RunVisitor target = new RunVisitor();
Alligator alfred = new Alligator("Alfred");
Giraffe jerry = new Giraffe("Jerry");
Fish fredrick = new Fish("Fredrick");
 
target.Visit(alfred);
target.Visit(jerry);
target.Visit(fredrick);

And get the following output...

Alfred is now running
Jerry is now running
fish are generally poor runners

Did you catch that? This is the magic behind the template pattern.

Now what just happened? 

We were able to catch a more specific instance of animal in our RunVisitor class and provide a completely different implementation! 

This is part of the power of the visitor pattern, we can code to base class implementations and the visitor can "un-abstract" in order to run type-specific  code without having to explicitly check the type in an "if" or "switch" statement (which is really a very poor programming practice anyways). 

How do you like them apples?

Let's look at another example that will help demonstrate the extensibility of the pattern: Let's say you want to add functionality for a food chain.

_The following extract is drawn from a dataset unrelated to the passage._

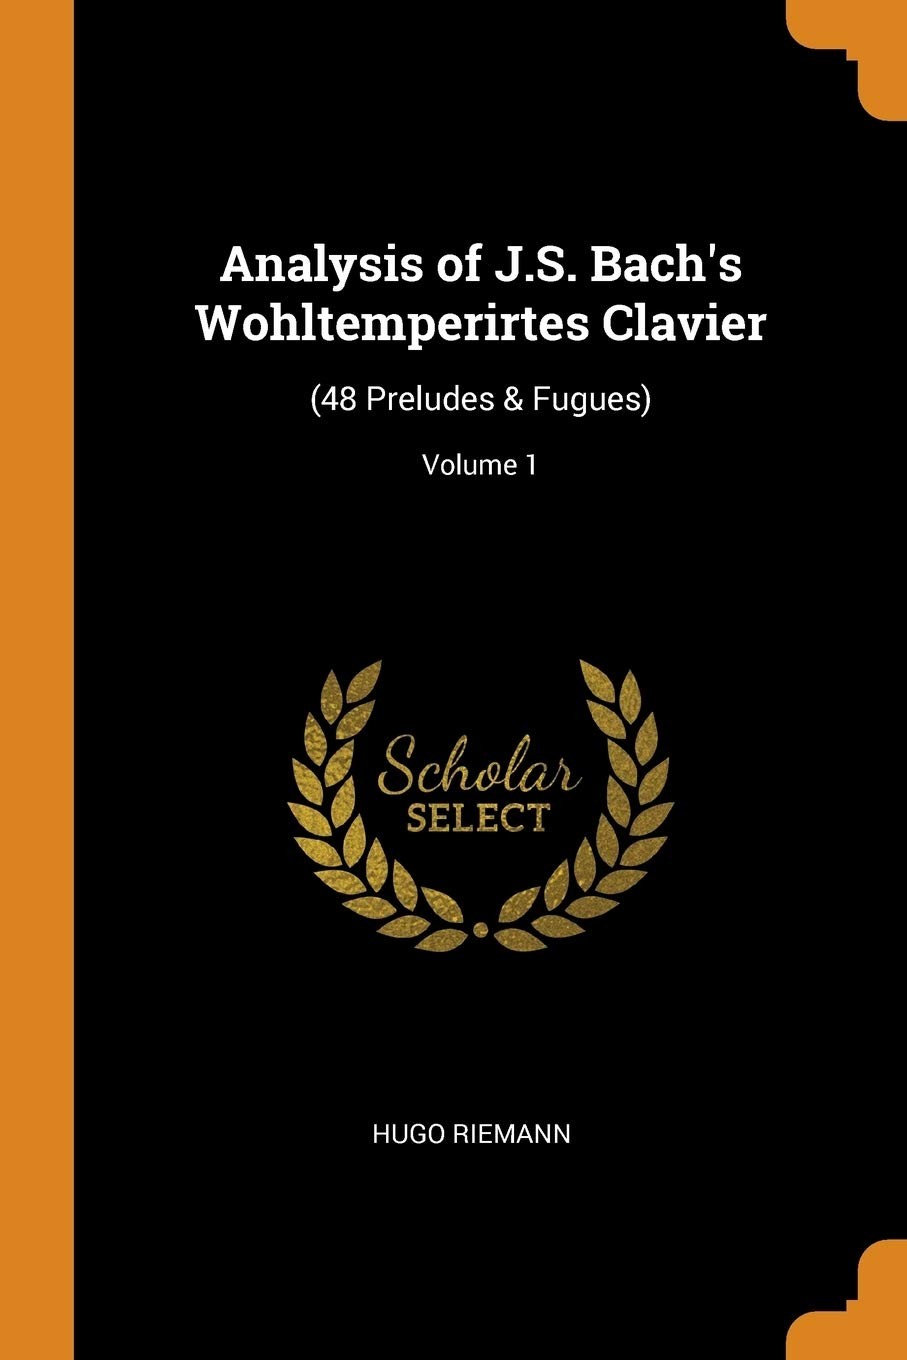 Analysis of J. S. Bach's Wohltemperirtes Clavier: 48 Preludes and Fugues

All we'll have to do is create another visitor class.  Note that the change to our code is only additive (helping to prevent cascading breaks and unintended defects).

public class EatOtherAnimalVisitor : AnimalVisitor
{
    public EatOtherAnimalVisitor(Animal snack)
    {
        m_Snack = snack;
    }
 
    private readonly Animal m_Snack;
    public Animal Snack { get { return m_Snack; } }
 
 
    public override void Visit(Animal animal)
    {
        throw new NotSupportedException("Edibility is unknown");
    }
 
    public void Visit(Alligator animal)
    {
        Console.WriteLine(String.Format("Alligator ate {0} the {1}", m_Snack.Name, m_Snack.GetType()));
    }
 
    public void Visit(Giraffe animal)
    {
        Console.WriteLine(String.Format("{0} is a vegetarian and refuses to eat {1} the {2}", animal.Name, m_Snack.Name, m_Snack.GetType()));
    }
}

And all we have to do to consume our new functionality is the following:

Alligator alfred = new Alligator("Alfred");
Giraffe jerry = new Giraffe("Jerry");
Fish fredrick = new Fish("Fredrick");
 
var eatFredreck = new EatOtherAnimalVisitor(fredrick);
 
eatFredreck.Visit(jerry);
eatFredreck.Visit(alfred);

Which when run, gives us the following result:

Jerry is a vegetarian and refuses to eat Fredrick the VisitorSample.Extended.Fish
Alligator ate Fredrick the VisitorSample.Extended.Fish

I hope this article helped to demonstrate where and how you might find the visitor pattern useful.  If you get nothing else out of this article, it should be that the template pattern can provide behavior extensibility and can also figure out the type of an object and execute appropriate functionality for that type when all we have is a reference to the base class.